FEAR certainly isn't without its faults, the largest of which is that it seems to expect to blind the player with its psychological and combat aspects in the hope that they won't notice the pedestrian nature of the level design and total absence of any challenge that doesn't involve aiming a weapon. FEAR has so many indentikit levels that I would believe it if I were told that the artists were blind to any other architecture than office buildings. Fighting through the umpteenth collection of cubicles or pipe-encrusted maintenance areas the tedium of repetition settles in depressingly quickly. FEAR is also found lacking in some cerebral puzzles to distract the brain with. Throughout my entire run I think I had to activate 20 buttons, most of which tended to operate some machinery three inches away from the player's right ear. I did occasionally experience moments where I was unsure how to progress but this was always down to the way forward being hidden behind a pipe or above a rickety stack of furniture. There were also a number of times where I was sure I couldn't get through a gap or window only to find I wasn't jumping at precisely the correct moment. FEAR is afflicted by too many areas which seemed to have escaped the playtesters notice.
FEAR is a very well titled game for while the tricks employed by the developers do a splendid job of thrilling the player it is the imagination of the gamer that provides the framework over which the cladding of the game is laid. The story is unusually engaging and while its revelations are likely to only surprise the most dim-witted, the sense of immersion from the aural and visual departments along with the cunningness of the AI works in enlivening the plot to the extent that the player finds themselves pushing on even when their sense of self preservation is recommending a quiet game of Solitaire instead.

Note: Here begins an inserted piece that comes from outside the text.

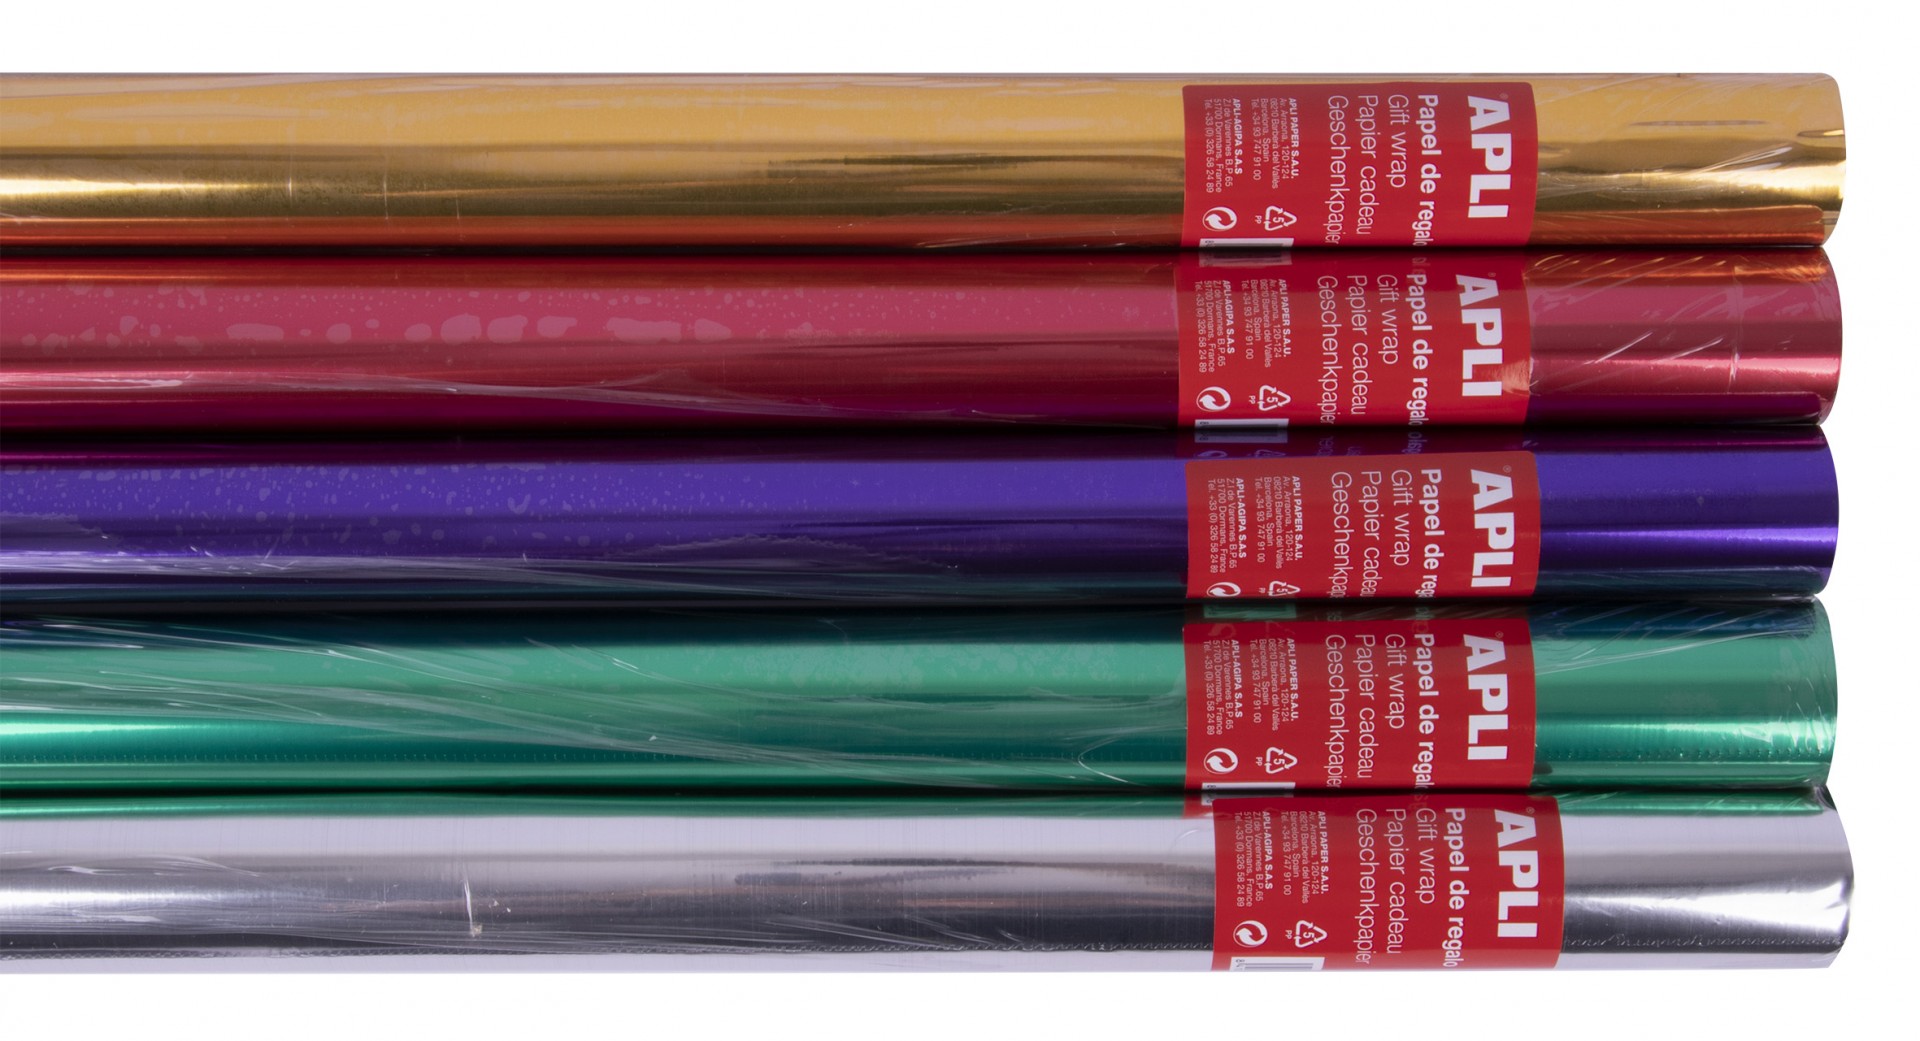 Apli Présentoir de 55 Rouleaux de Papier Cadeau Métallisé - 11 Rouleaux par Couleur - Dimensions du Rouleau 0,70x2m - Couleurs Lilas, Or, Argent, Rouge, Vert

FEAR will probably only eventually warrant a few sentences in the bumper book of gaming history. It does what it sets out to do very well but it feeds off of other games without bringing enough of its own offerings to the table. It's certainly highly entertaining and lasts for just the right amount of time. It even has a satisfying conclusion which wraps the story up with a nail to the head. With a wider variety of tasks and environments and an engine that someone has at least taken a stab at optimising this could have been a true classic (a free pair of fresh pants would have helped as well). But don't let it's missing out on such a label put you off, FEAR is one of the very best shooters of 2005 and perfect company for those dark winter nights.